我们得到了 2.78 的平均分。为了理解为什么平均分只有 2.78，让我们看一个得分较低的例子，并分析其原因

# 提取得分 0 的样本
score_0 = [r for r in results if r["total_score"] == 0]
print(f"Samples with score 0: {len(score_0)}")
# Samples with score 0: 2

在我的测试中，我得到了 2 个得分 0 的样本。让我们看看第一个。

print(f"Question: {score_0[0]['question']}\nContext: {score_0[0]['context']}\nAnswer: {score_0[0]['answer']}")
print("---" * 10)
print(f"Reasoing: {score_0[0]['reasoning']}\nTotal Score: {score_0[0]['total_score']}") 

# Question: What was the total dollar value of outstanding commercial real estate loans at the end of 2023?
# Context: The total outstanding commercial real estate loans amounted to $72,878 million at the end of December 2022.
# Answer: $72.878 billion
# ------------------------------
# Reasoning: 1. Context: The answer does not use the correct information from the provided context. The context mentions the total outstanding commercial real estate loans at the end of December 2022, but the answer provides a value without specifying the correct year. Therefore, no points are awarded for context.
# 2. Completeness: The answer provides a dollar value, but it does not address the key element of the question, which is the total dollar value at the end of 2023. The context only provides information about 2022, and the answer does not clarify or provide the correct information for 2023. Thus, no points are awarded for completeness.
# 3. Conciseness: The answer is concise, but it does not address the correct question. If the answer had provided a value with a clear statement that the information is not available for 2023, it would have been more accurate. However, in this case, the answer is concise but incorrect.
# Total Score: 0

我们的 LLM 评估模型正确地识别出问题询问的是 2023 年的数据，但上下文只提供了 2022 年的信息。此外，我们还发现完整性和简洁性标准非常依赖于上下文。根据实际需求，我们可以对提示进行改进。

四、限制

LLM 作为评估模型，可能倾向于更喜欢 LLM 生成的文本，而不是人类编写的文本。我们可以通过使用人类专家生成的高质量少样本示例来缓解这个问题。

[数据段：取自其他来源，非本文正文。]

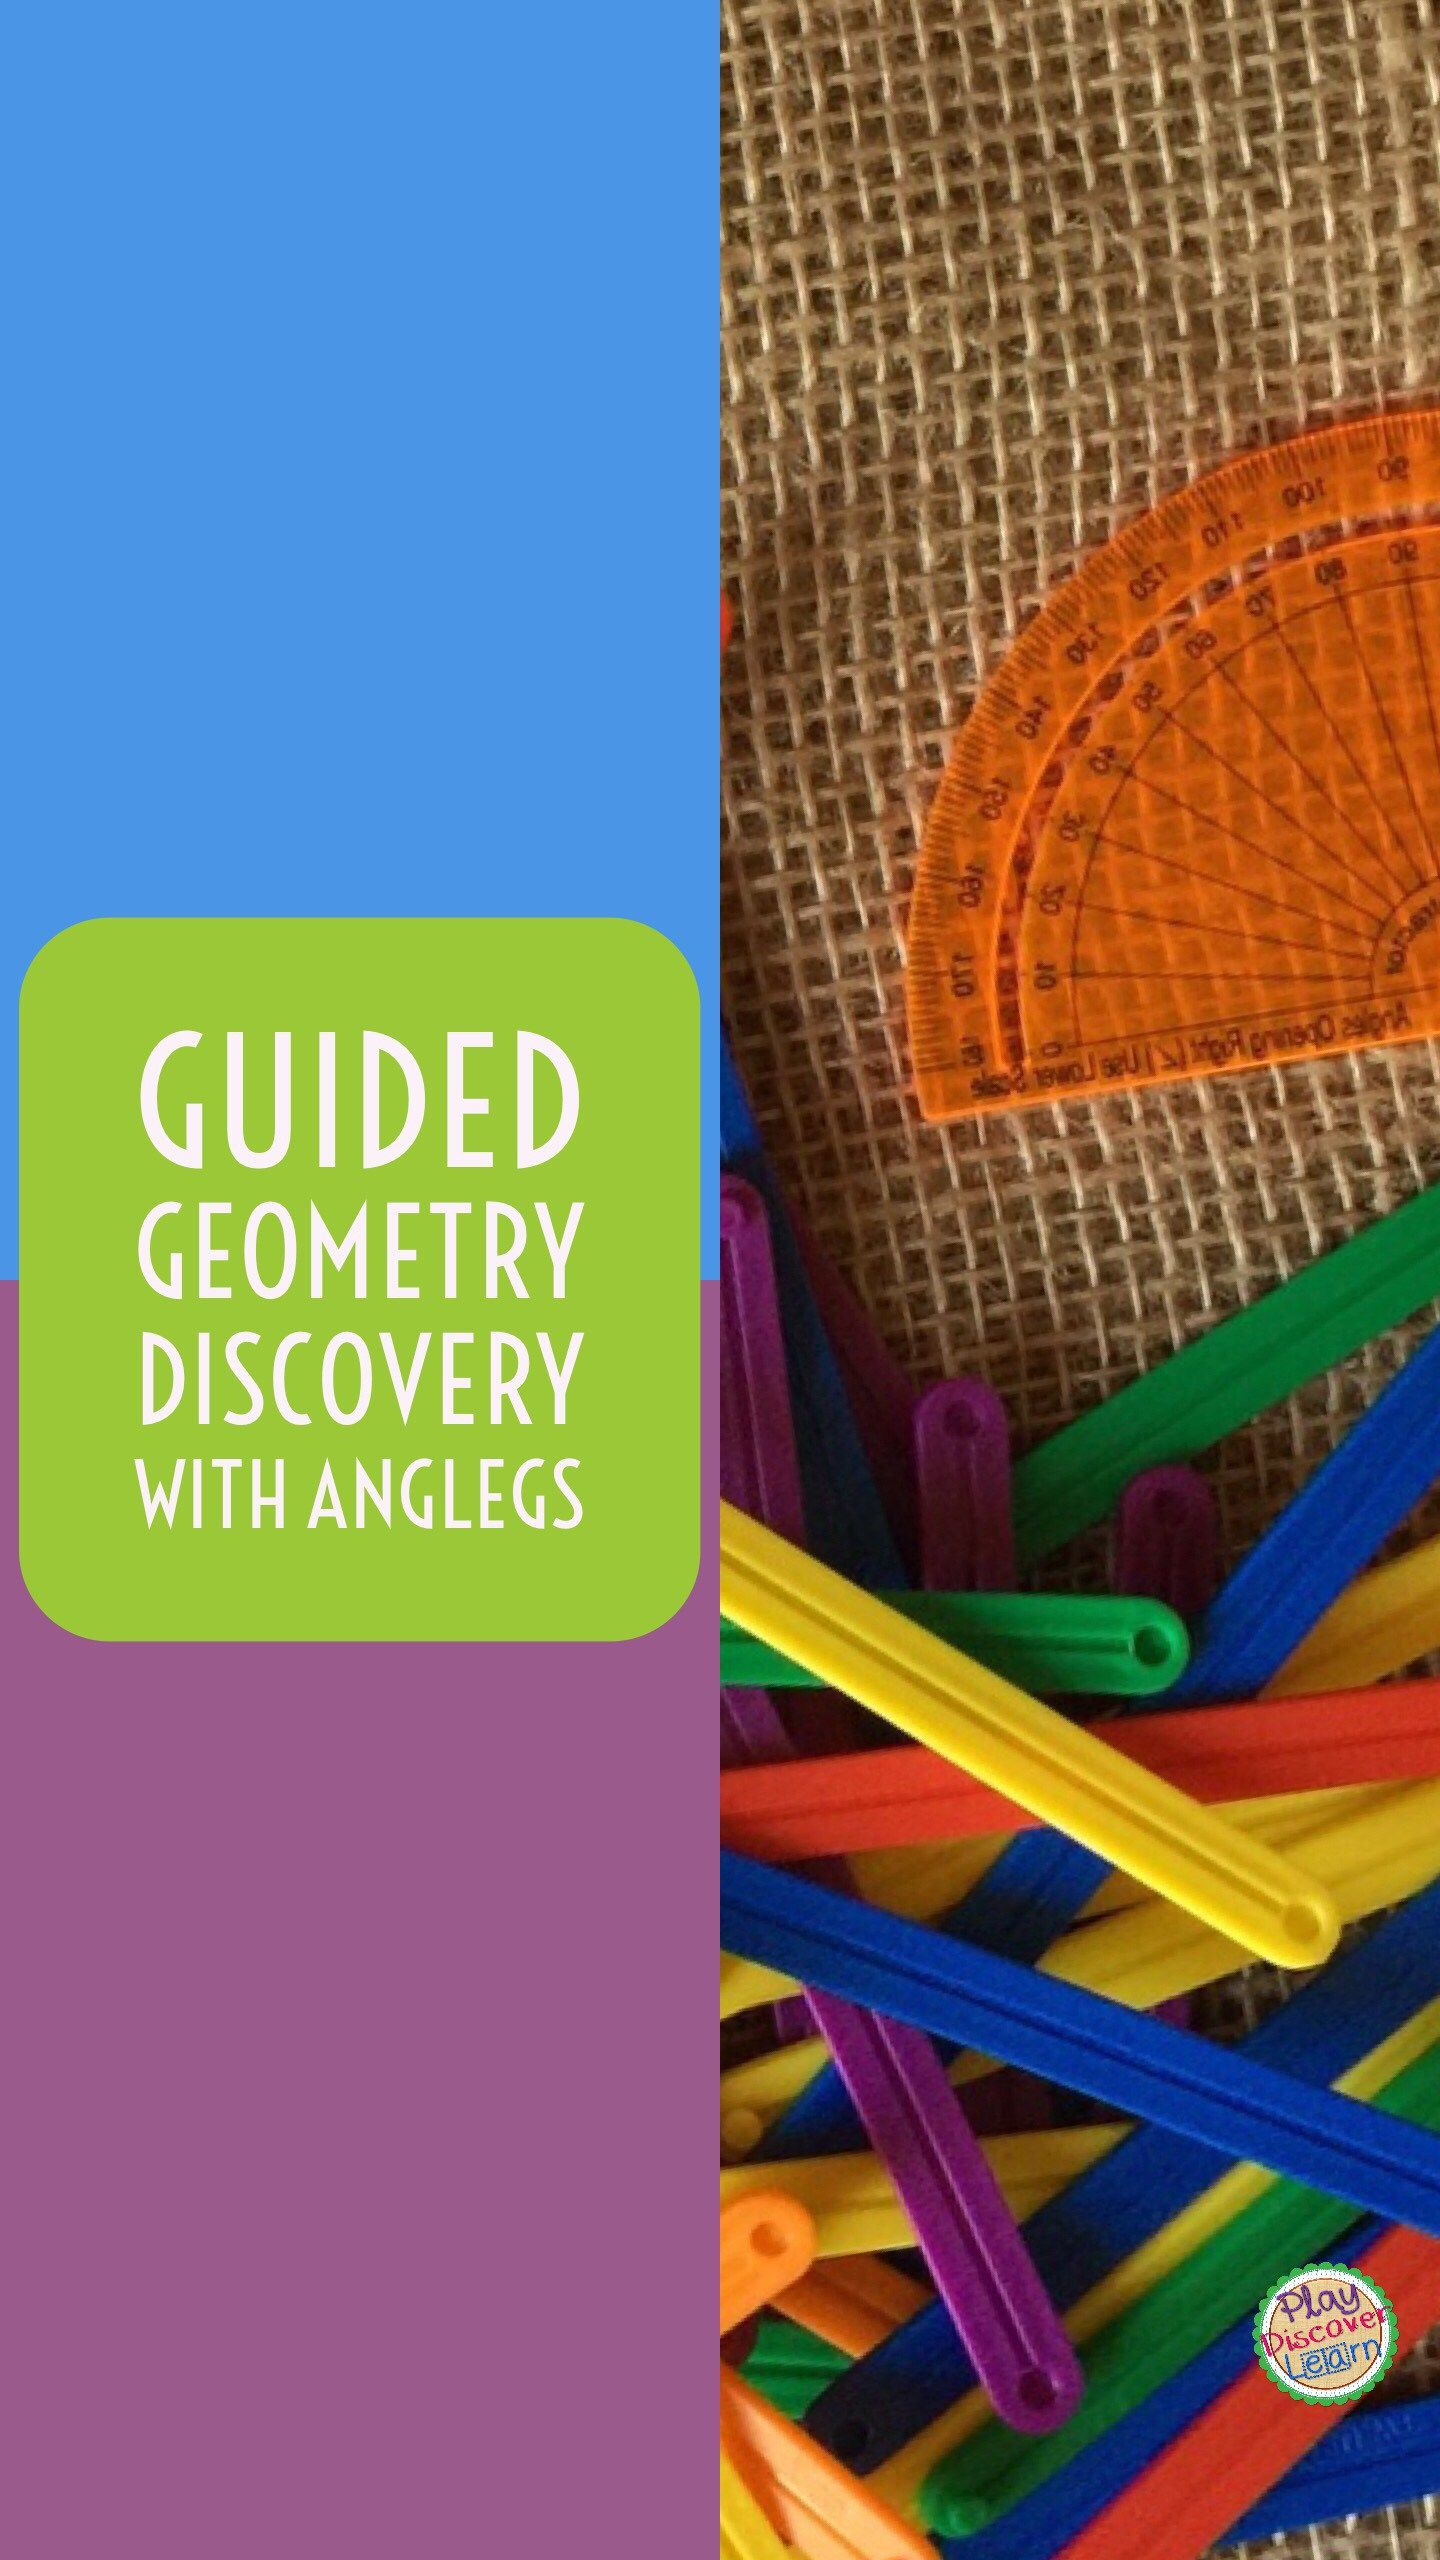 Guided Geometry Anglegs

提示、预定义的步骤和标准对评估结果至关重要，但它们可能无法与所有用例完美契合。G-EVAL 和 Self-Rewarding Language Models 论文给出了更多关于如何微调提示以获得更好对齐的示例。

使用 LLM 作为评估模型存在一些局限性。一个关键问题是评估结果可能存在偏见和不一致性。我们使用的预定义步骤和标准可能无法与所有用例完美契合，因此需要根据具体情况进行调整。G-EVAL 和 Self-Rewarding Language Models 论文提供了更多关于如何微调提示以获得更好对齐的示例。

此外，加法分数虽然简单有效，但并非适用于所有情况。有时，一个简单的布尔检查（正确/不正确）就足够了。

最后，不要忘记评估模型的上下文窗口。如果提示超过了窗口大小，可能会增加评估的难度。